Using Active Learning Techniques in the classroom:
There are many active learning techniques which have been designed to encourage independent learning for the students in the classroom. The notion that the classroom is no longer a teacher centered classroom but a student centered classroom is a significant change in the way knowledge is transferred to the student. Most teachers throw up their hands when they are told to let the students figure out what they are suppose to learn leaving the teacher wondering what they are suppose to teach. In other words if a teacher initiates an active learning technique such as scaffolding, or think-pair-share, what is the teacher’s role in the class room while the students are busily involved in their active learning exercise? This question gets even more complex when evaluation and testing of what the student has learned is initiated.
Pedagogically speaking the teacher in an active learning classroom should have pre-designed steps prepared for the exercises a student will participate in, which in turn will challenge the student to increase their own learning skills. An easy exercise can be followed by a more difficult exercise until the teacher has fulfilled the design criterion for an active learning technique and the student has a working knowledge of the exercise. The following is an example of this pedagogical framework demonstrating active learning techniques.

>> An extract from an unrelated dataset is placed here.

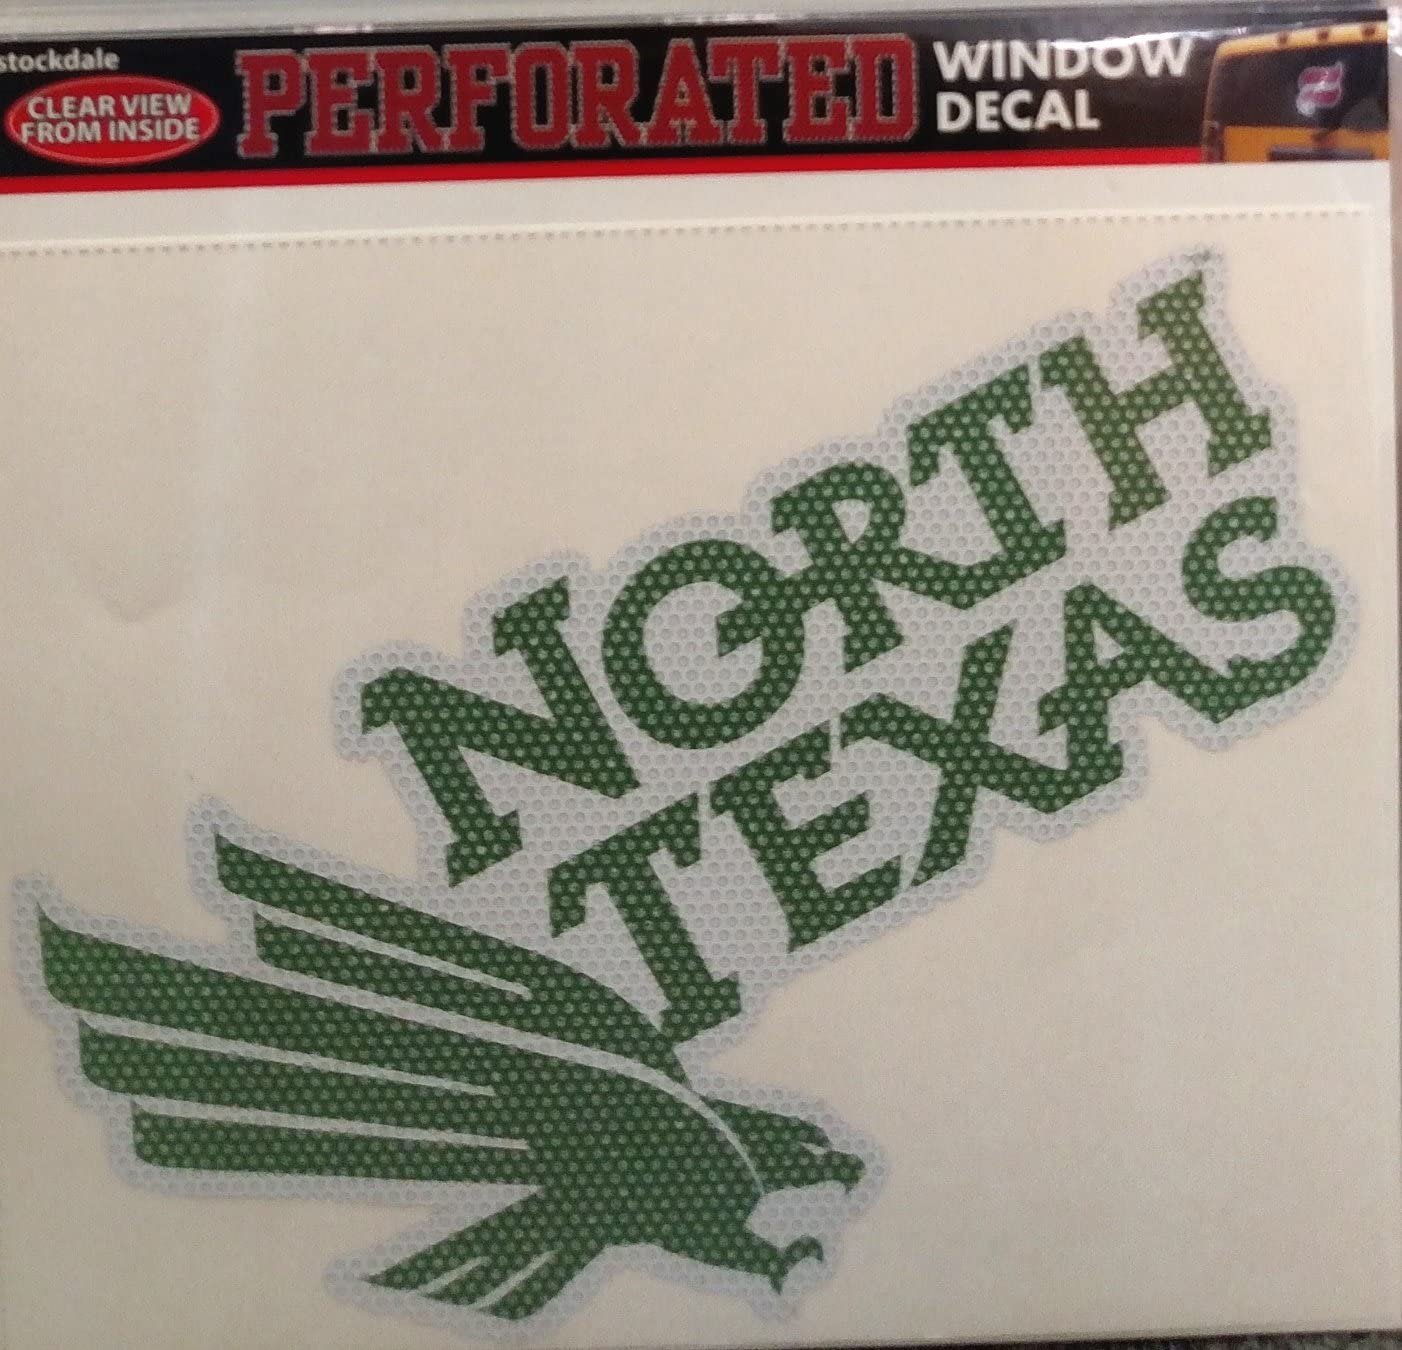 University of North Texas Mean Green 8 Inch Preforated Window Film Decal Sticker, One-Way Vision, Adhesive Backing

It has been my experience that if students can discuss their lessons with other students in the classroom then the student engagement is very helpful is solving problems related to the student’s assignment. Furthermore, this interactive approach enables the students to find common understanding about the problems which exist in the assigned lesson. The following example demonstrates three active learning techniques to help the student understand their assignment in a group setting.
One of the most powerful ways to introduce active learning techniques is by changing the seating configuration for the Think-Pair-Share technique. This technique is where two students try to solve a problem together or complete the assignment together by sitting across from one another and asking each other questions.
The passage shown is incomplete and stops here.